In 1984, Fender introduced a lower cost Standard Precision Bass model made in Japan. The Standard model would be made in Japan until 1990 when Fender shifted operations to its new Mexican factory which produced the model from 1991 to 2018.
The American Deluxe Precision Bass was added to the revamped lineup in 1995. It had an Ash Body (offered until 2006), 18-volt preamp with 3-Band Active EQ and an added Humbucker in the bridge position.
The American Series Precision Bass was introduced in 2000 and discontinued in 2008. From 2003 the S-1 switching system allowed the pickup coils to be switched from series to parallel, offering a wider tonal range, but this was discontinued in 2008 with the second generation of American Standard Series instruments. 2011 models bear a special "Fender 60" badge on the back of the body to celebrate the company's 60th Anniversary.
In 2002, Fender added a new lower-cost American passive model series known as the Highway One.

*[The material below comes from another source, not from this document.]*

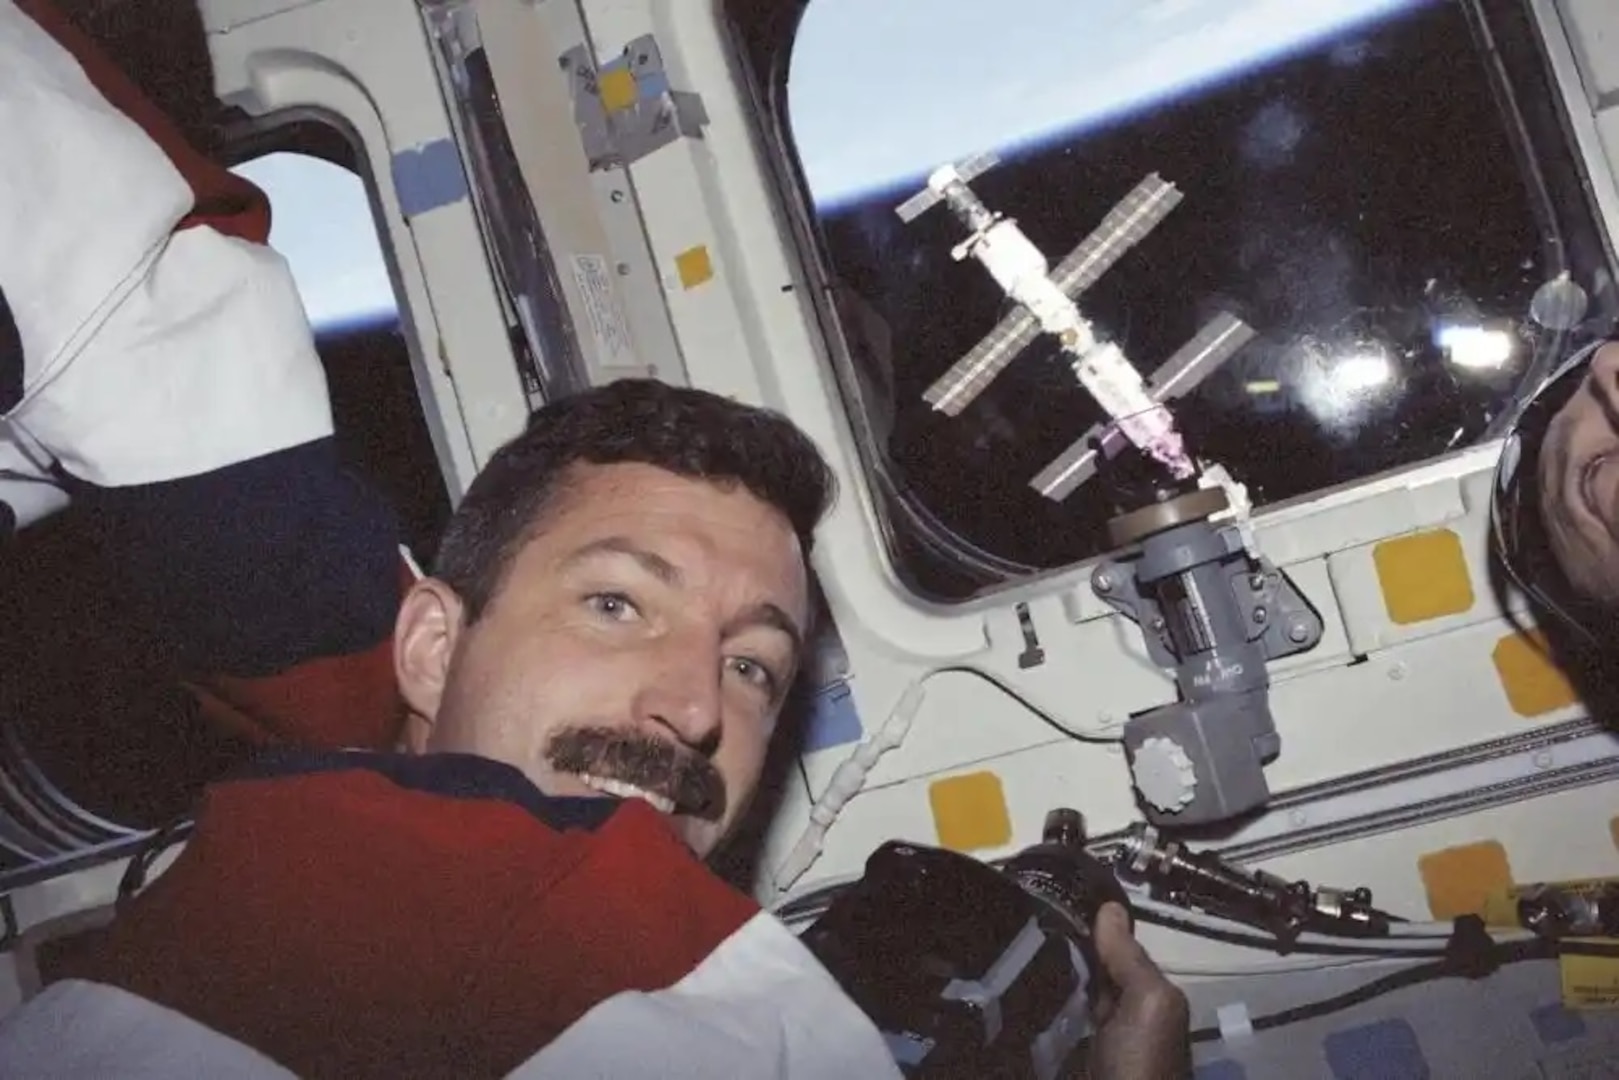 Astronaut Daniel C. Burbank, mission specialist, prepares to photograph the International Space Station through the overhead windows on the aft flight deck of the Space Shuttle Atlantis. Burbank is returning to the U.S. Coast Guard Academy to serve as a Professor of Practice in the Mechanical Engineering program.

There were two iterations of this line - known as Highway 1 and Highway One. Highway 1 featured 60's spaghetti logo, and a nut side truss rod adjustment port. They were painted with thin nitro lacquer. In 2006, it was updated with a BadAss II bridge with grooved saddles and a Greasebucket tone circuit. The Highway One Precision Bass featured '70s styling and thin satin nitro lacquer finish. The series remained available until it was discontinued in 2011. 
The American Standard, American Deluxe (featuring a J-style humbucking pickup in the bridge position and an active 3-band EQ with an 18V power supply), Highway One and American Vintage series models were manufactured in Corona, California.
Following the success of the Aerodyne Jazz Bass, Fender briefly produced the Japanese-made Aerodyne Classic Precision Bass from 2006-2008. This model retained the basic shape of the classic Precision but had dramatically thinner contours. It had a basswood body with figured maple top and cream binding, Precision and Single-coil Jazz pickup combination and matching finish headstock.
In December 5, 2008, the American Standard Precision Bass was updated with CBS era-style decals, a 3-ply parchment pickguard and a tinted maple neck with rosewood or maple fingerboard. Other features included a high-mass vintage bridge, Hipshot lightweight staggered tuning machine and a return to the knurled chrome flat-top control knobs. Models produced before 2003 came for a period with aged white Stratocaster control knobs.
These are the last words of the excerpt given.